Quickstart: Getting Your Agent to Run

Prerequisites

To use GPT-4o to complete tasks, set your OpenAI API key:

export OPENAI_API_KEY=YOUR_KEY

Alternatively, edit the corresponding line in config/agent/GPT-4o.yaml.

Supported Clients

We support multiple client types:

  • vLLM
  • OpenAI
  • Azure
  • AWS

To use a different client, change the client_type argument in your configuration. Check out /src/open_apps/agent/vLLM_agent.py Line 49 and following for specifics about how these clients are called internally.

Running Your Agent

uv run launch_agent.py agent=GPT-4o

To run a local model with vLLM,

  1. Launch your local vLLM model: vllm serve [MODEL_NAME]. VLLM will tell you your hostname.

  2. Launch your agent

uv run launch_agent.py agent=AGENT_CONFIG agent.hostname=VLLM_HOSTNAME

Configuring Your Policy

Our agent policies are built on top of AgentLab. Our setup enables automatic configuration of your prompt with config flags.

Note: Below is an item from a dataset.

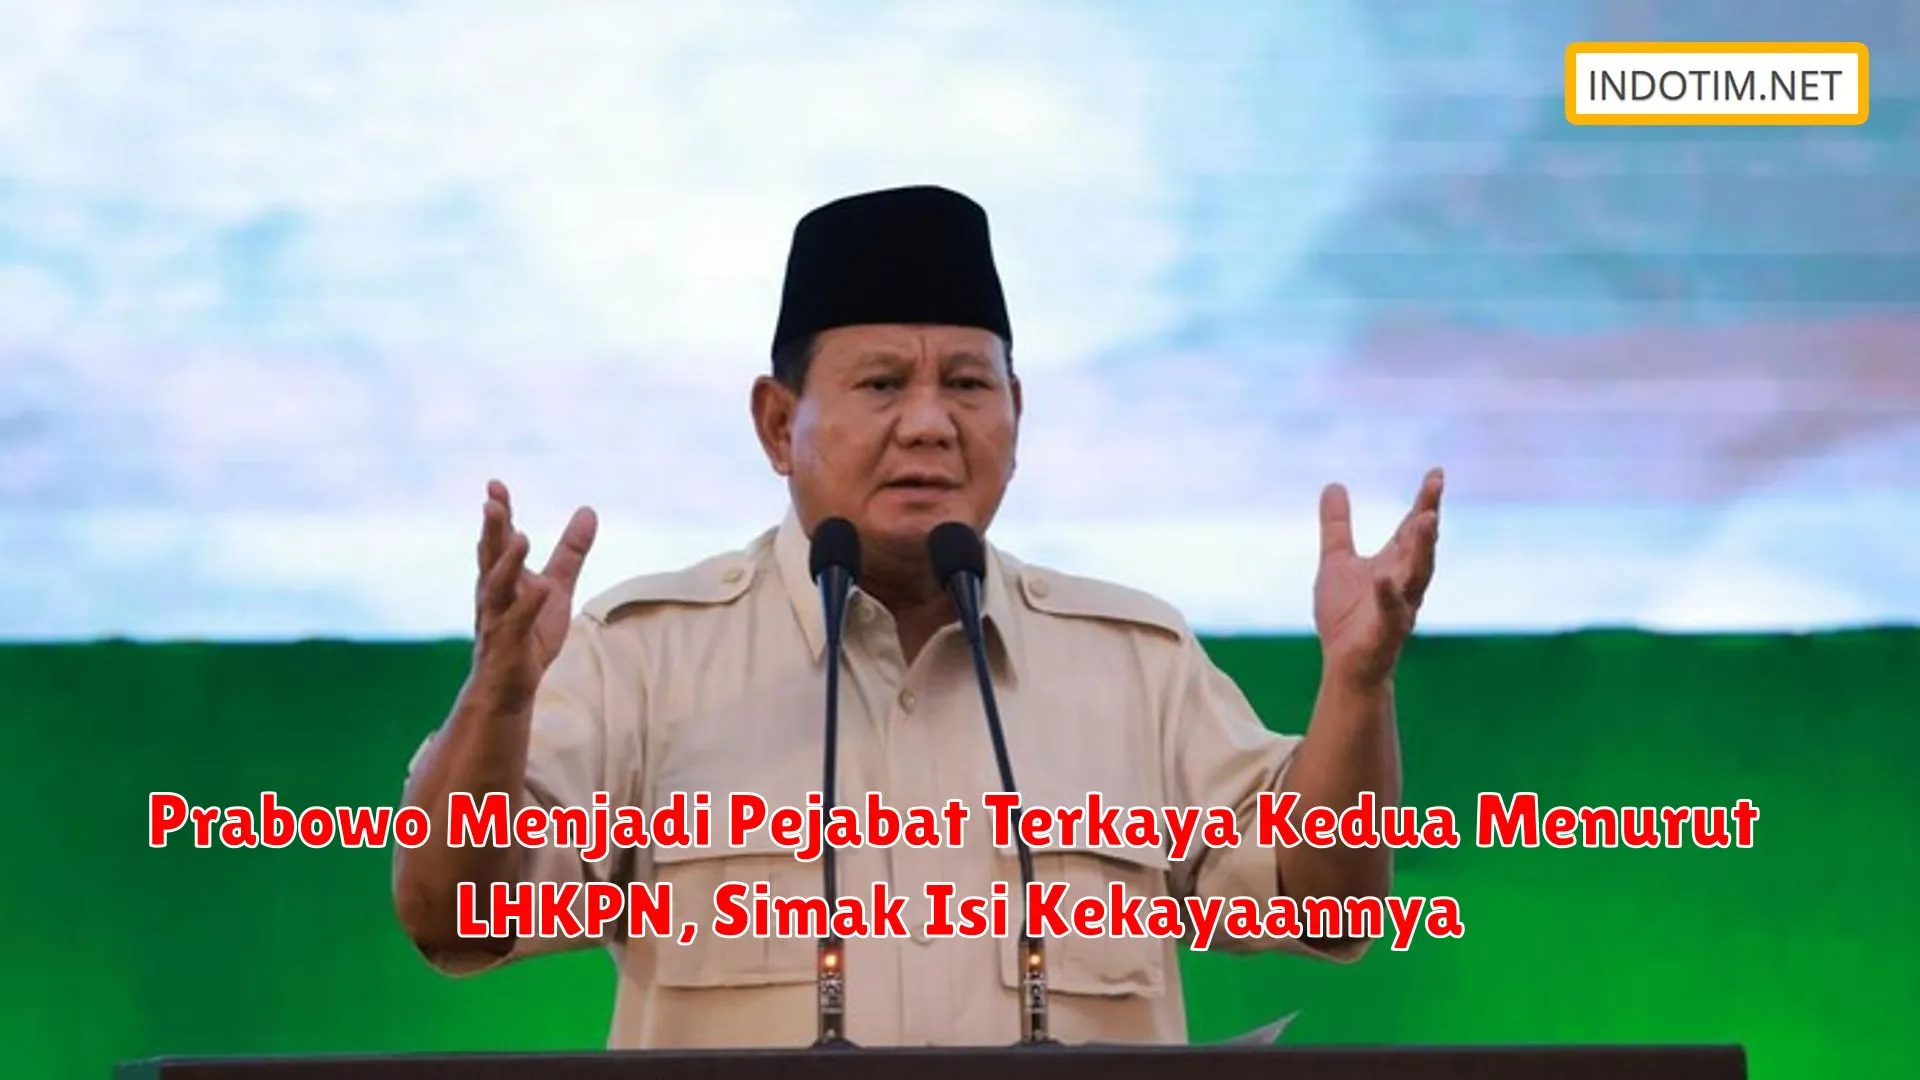 Prabowo Menjadi Pejabat Terkaya Kedua Menurut LHKPN, Simak Isi Kekayaannya
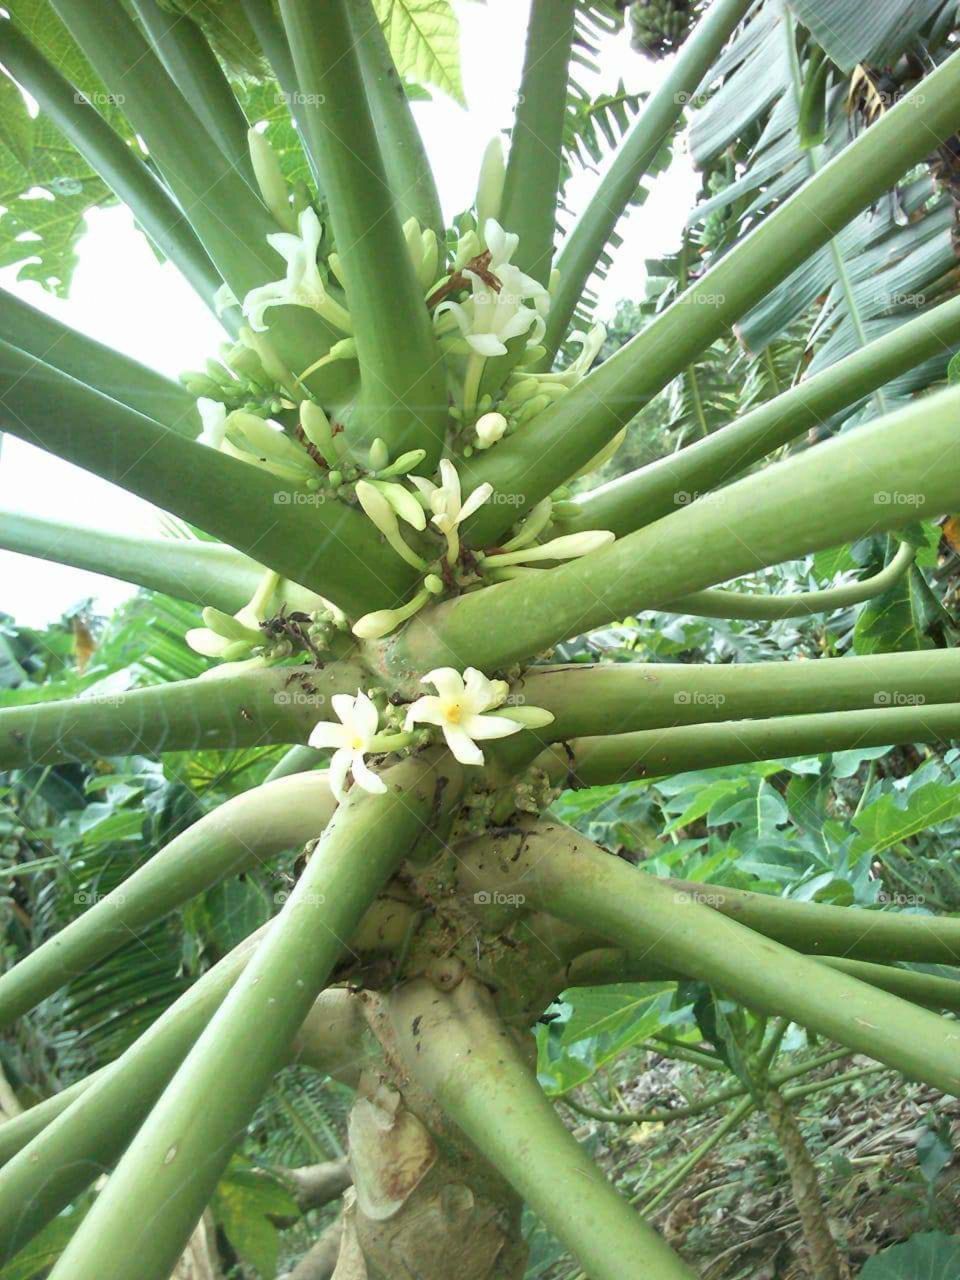 the papaya tree

Here are some key flags you can configure in your agent's YAML file:

Observation Flags:

  • use_axtree: Enable AXTree observation (accessibility tree)
  • use_screenshot: Enable screenshot observation
  • use_som: Add visual marks to screenshots for element identification
  • extract_coords: Include element coordinates in observations

History & Memory Flags:

  • use_history: Enable action/thought history tracking
  • use_action_history: Track previous actions taken by the agent
  • use_think_history: Track previous thoughts/reasoning steps

Reasoning & Examples Flags:

  • use_thinking: Enable chain-of-thought reasoning before actions
  • use_concrete_example: Include concrete examples in the prompt
  • use_abstract_example: Include abstract reasoning examples in the prompt

Custom Prompts:

  • prompt_txt.system_prompt: Override the default system prompt
  • prompt_txt.action_prompt: Define custom action instructions
  • prompt_txt.think_prompt: Define custom thinking/reasoning instructions

For the complete set of configuration options, see config/agent/default.yaml.

Creating Your Own Agent

If AgentLab's capabilities don't meet your needs, you can create a custom agent.

  1. Navigate to src/open_apps/agent/
  2. Copy and modify the following files:

    • vLLM_agent.py
    • vLLM_prompt.py

This allows you to build rich, custom agent implementations tailored to your specific requirements.